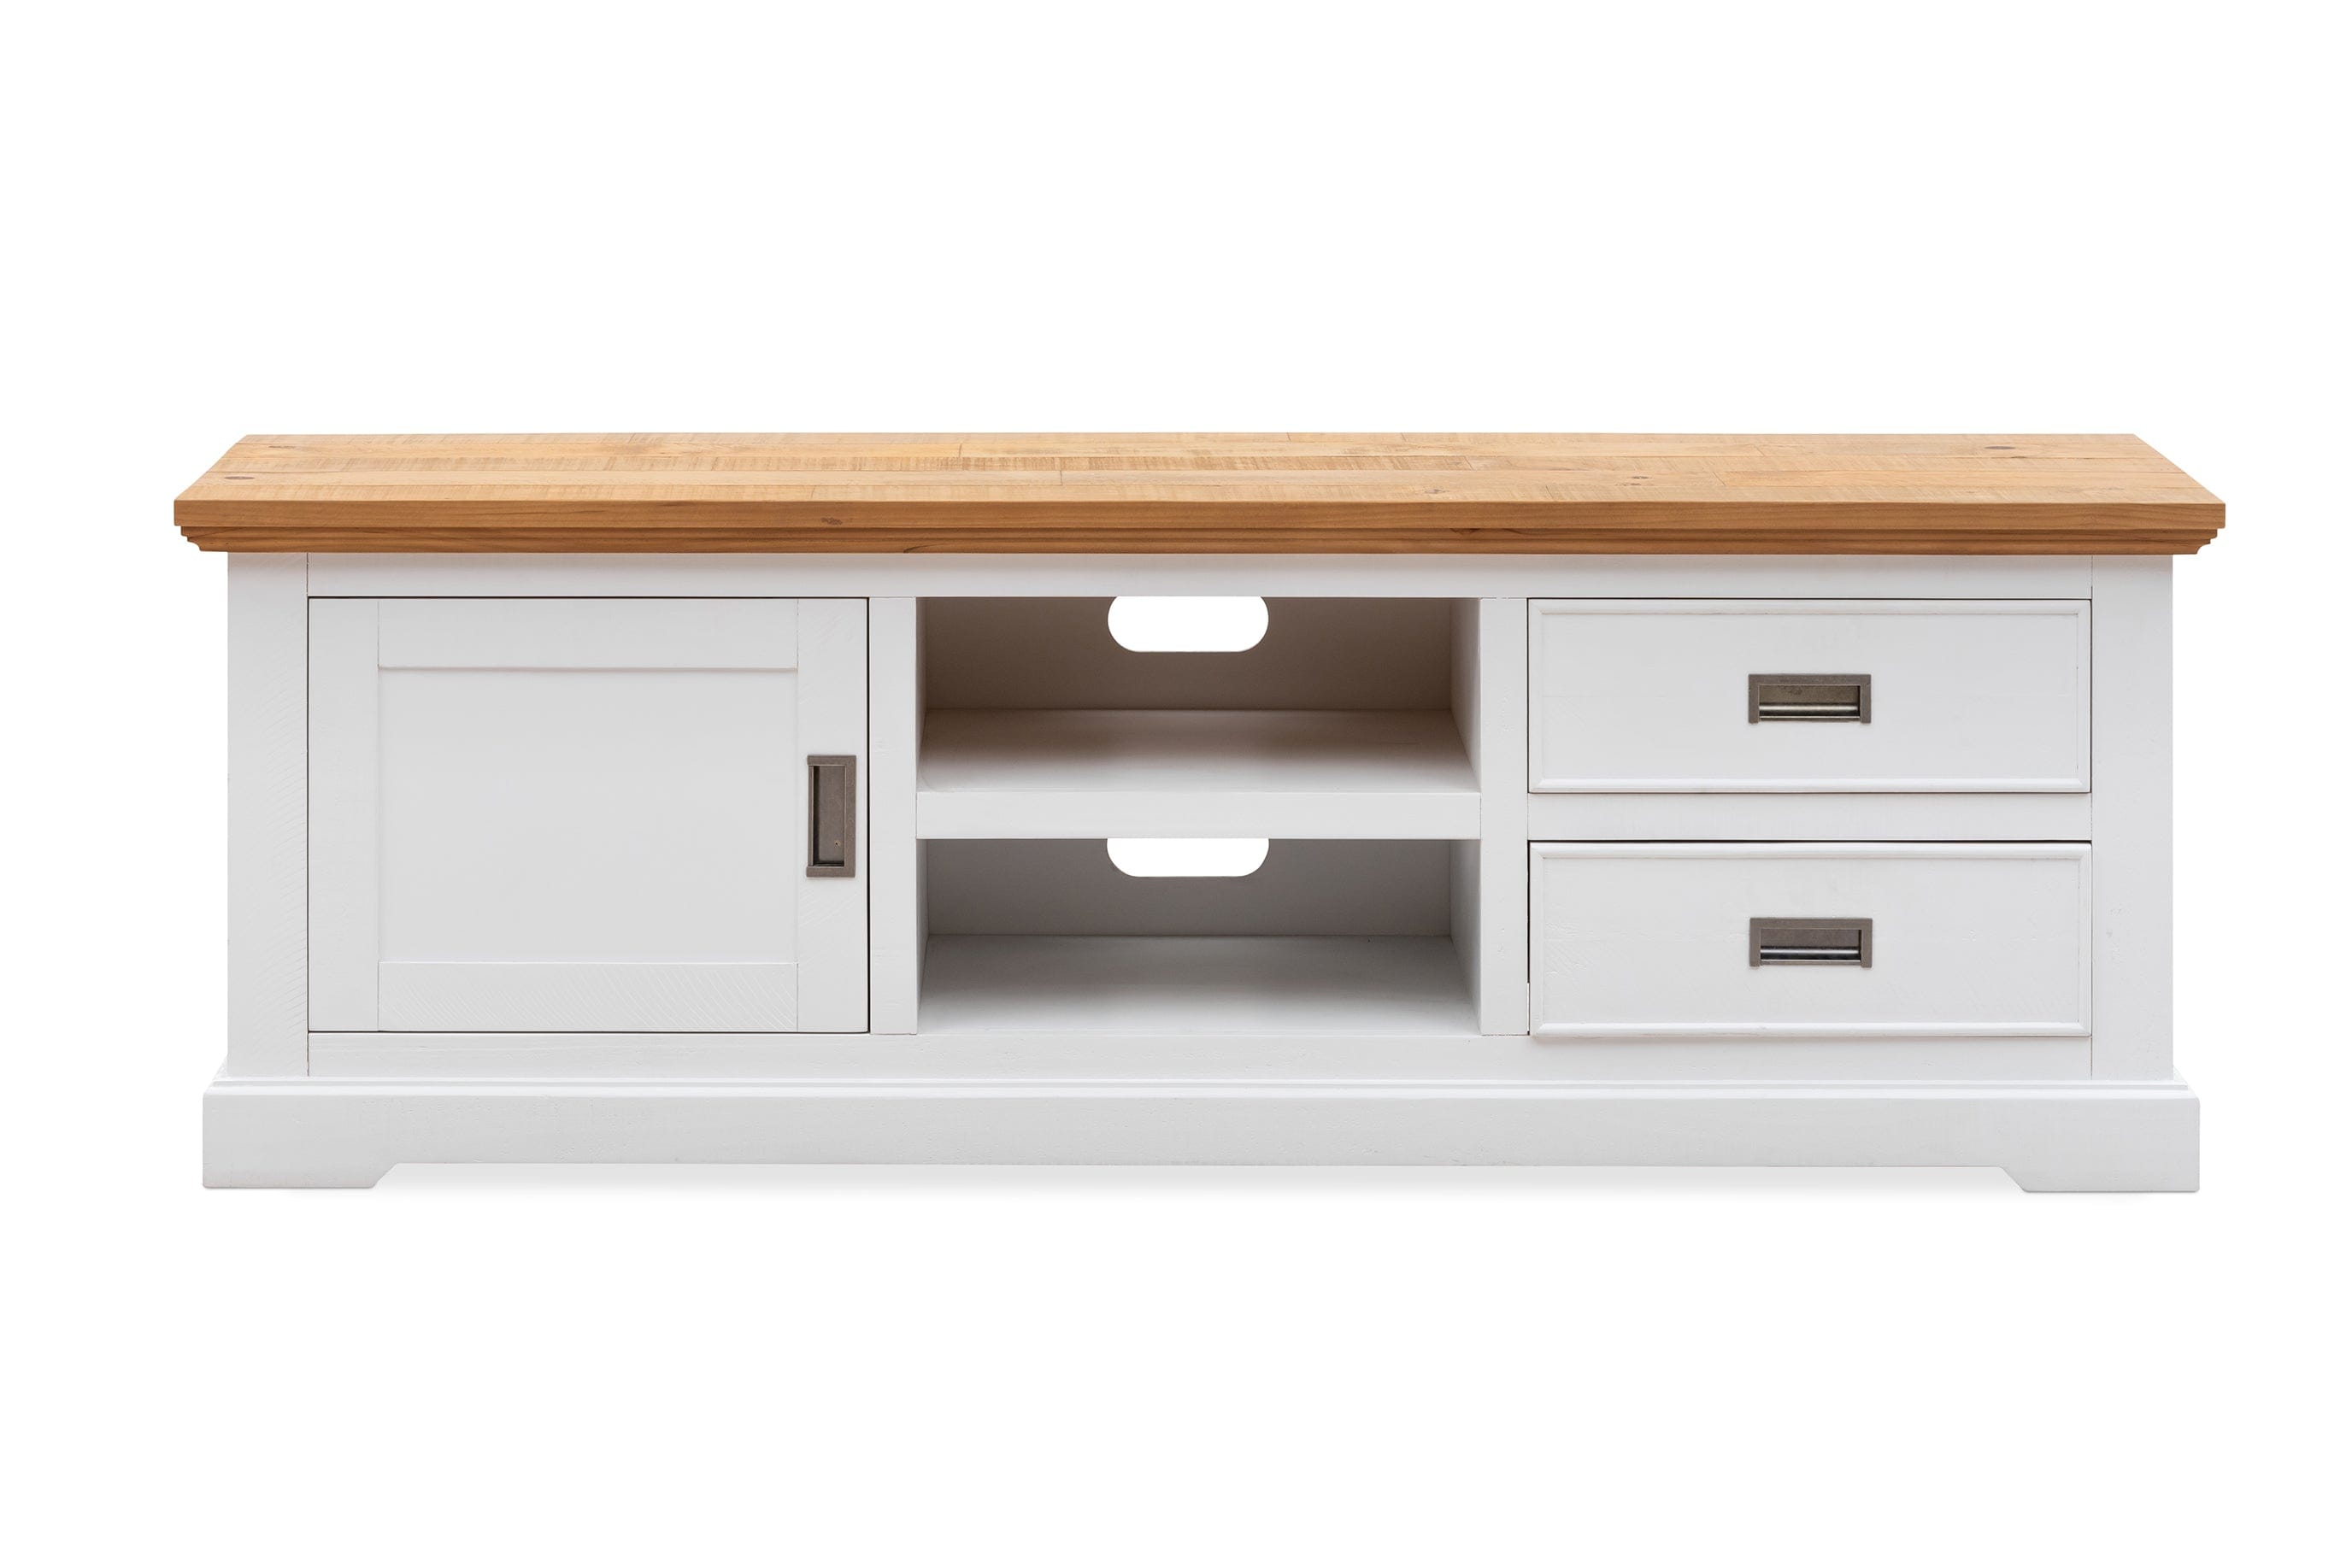 Westhampton TV Unit with Ball Bearing Runners Drawers
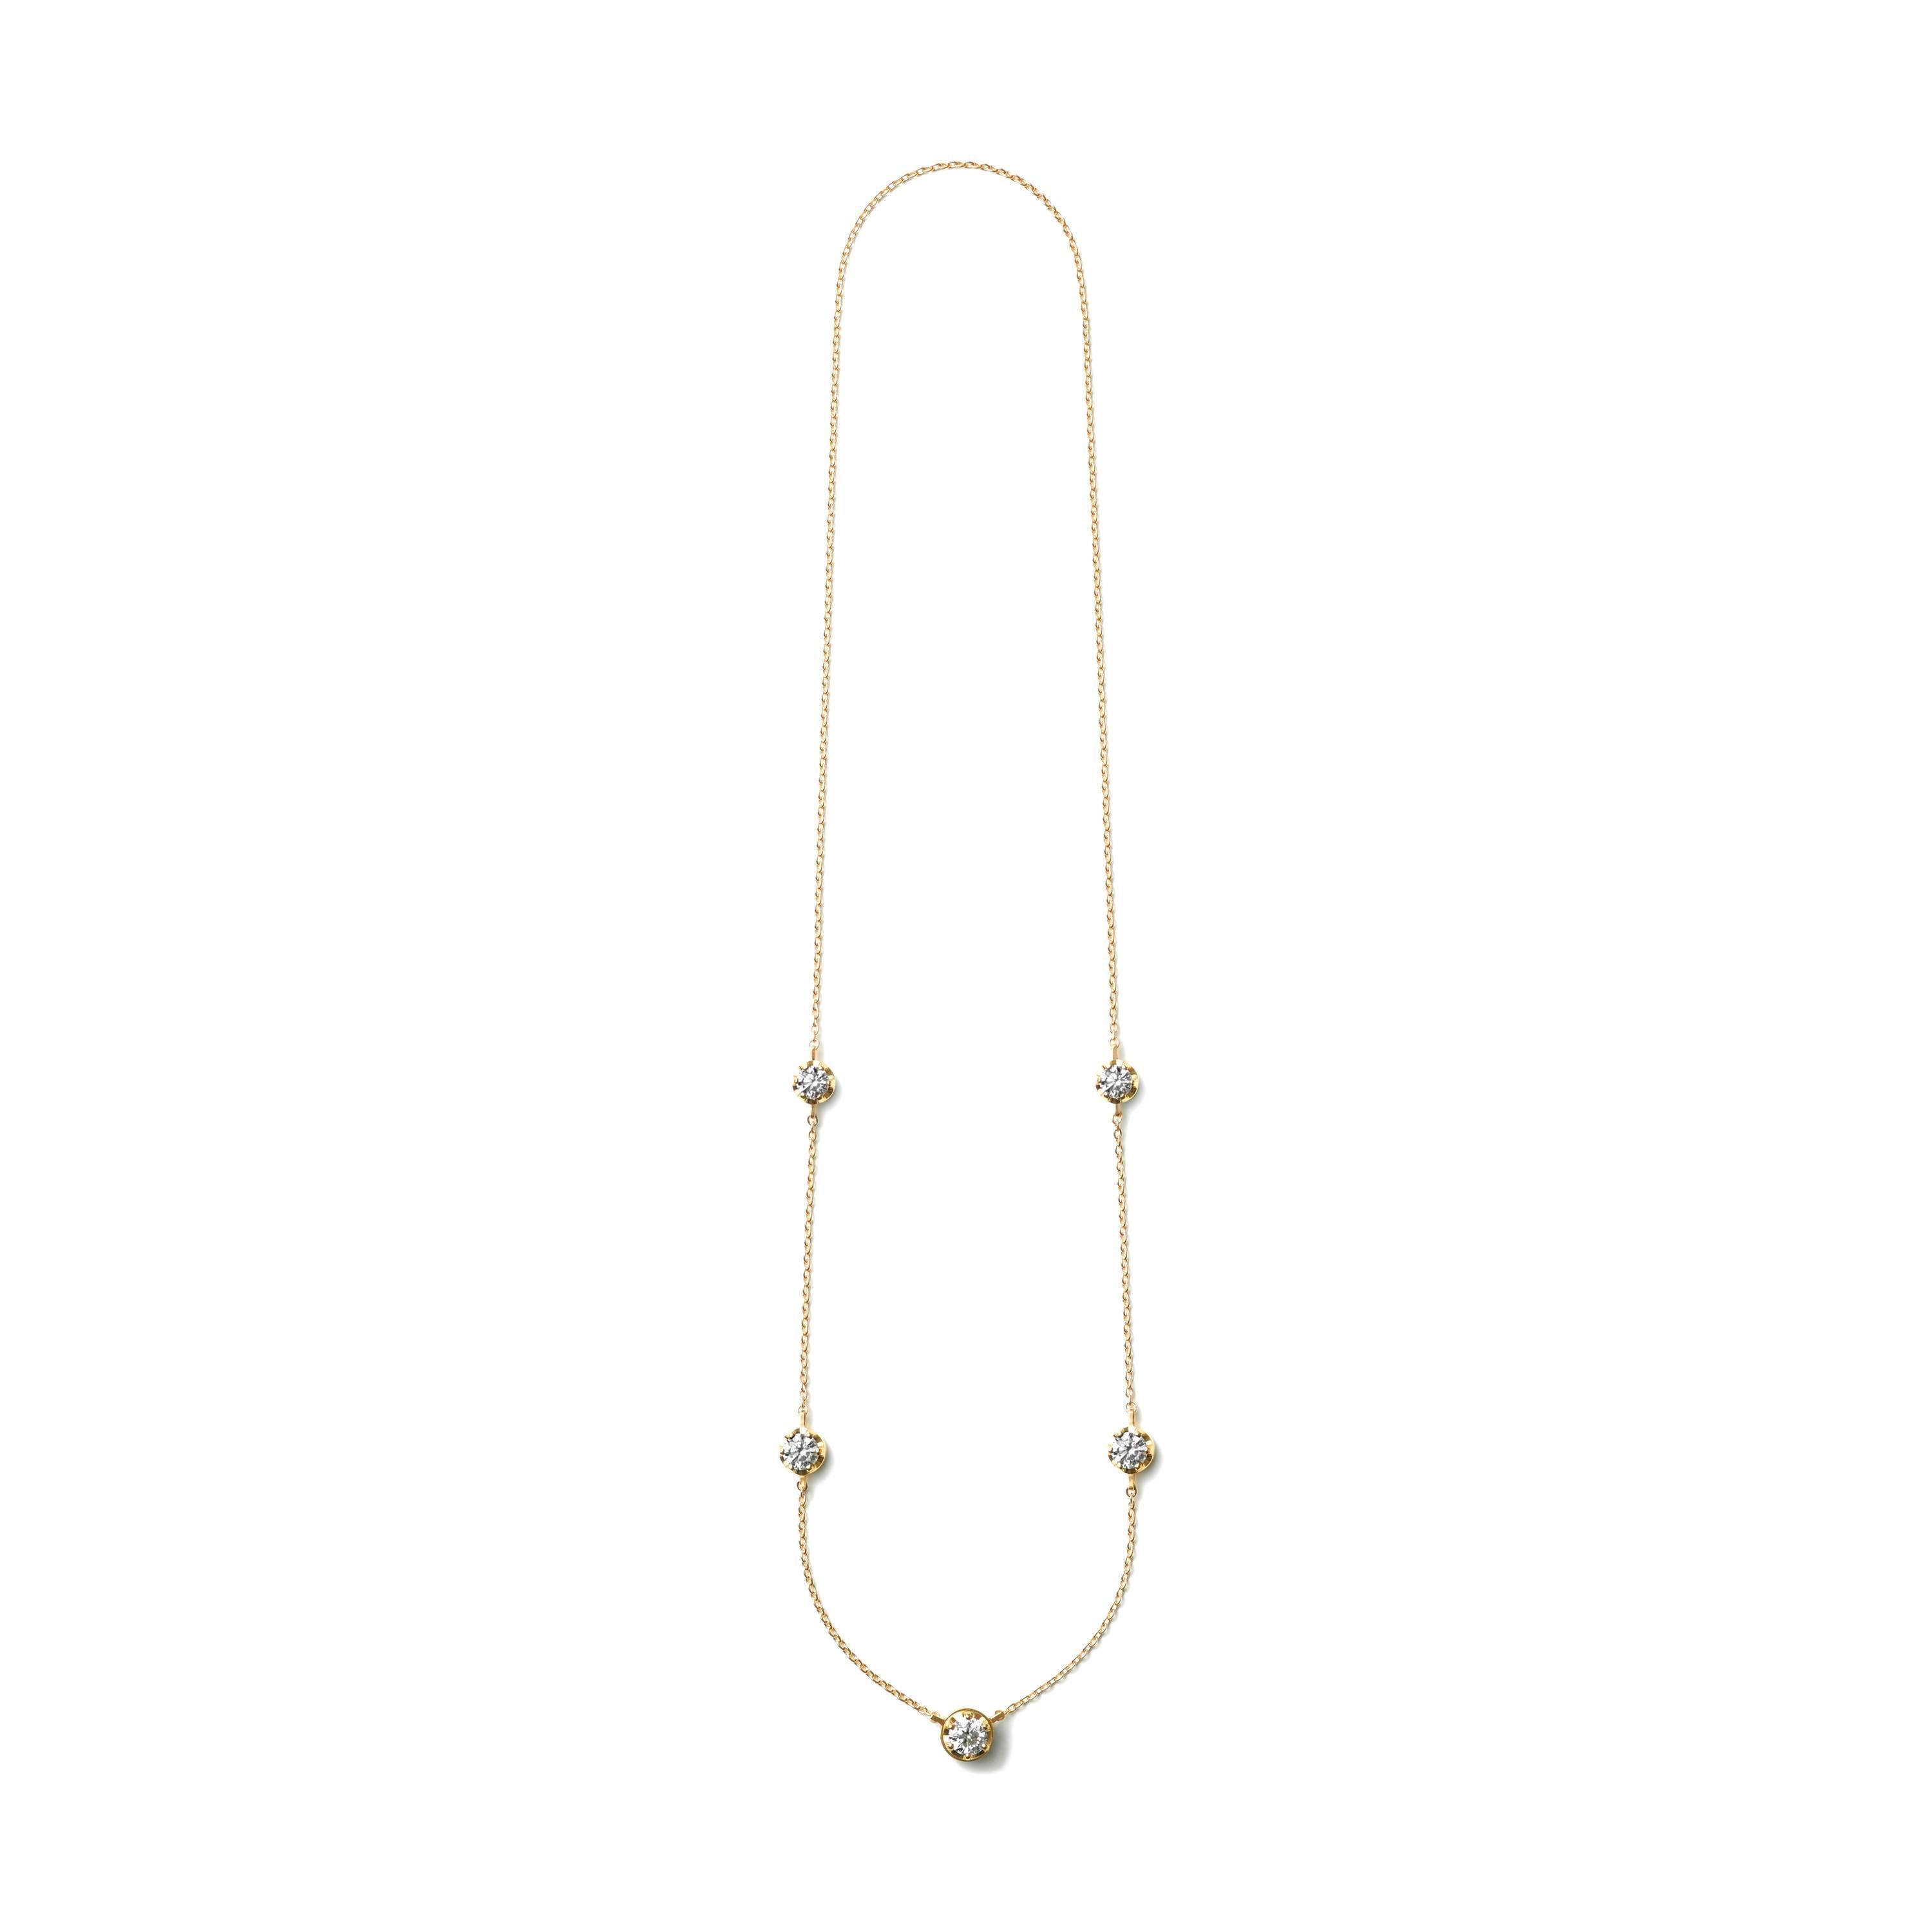 A necklace featuring five graduating sizes of diamonds. The bottom diamond setting doubles as a hidden clasp. Turn it horizontally 45 degrees to open and close. Available in 3 other varieties.

18 Karat Yellow Gold Five-Stone Diamond Necklace
Chain

§ Exercise:
Give every line of the listing above again, exactly, with no images.

§ Exercise solution:
 Westhampton TV Unit with Ball Bearing Runners Drawers
 A necklace featuring five graduating sizes of diamonds. The bottom diamond setting doubles as a hidden clasp. Turn it horizontally 45 degrees to open and close. Available in 3 other varieties.

18 Karat Yellow Gold Five-Stone Diamond Necklace
Chain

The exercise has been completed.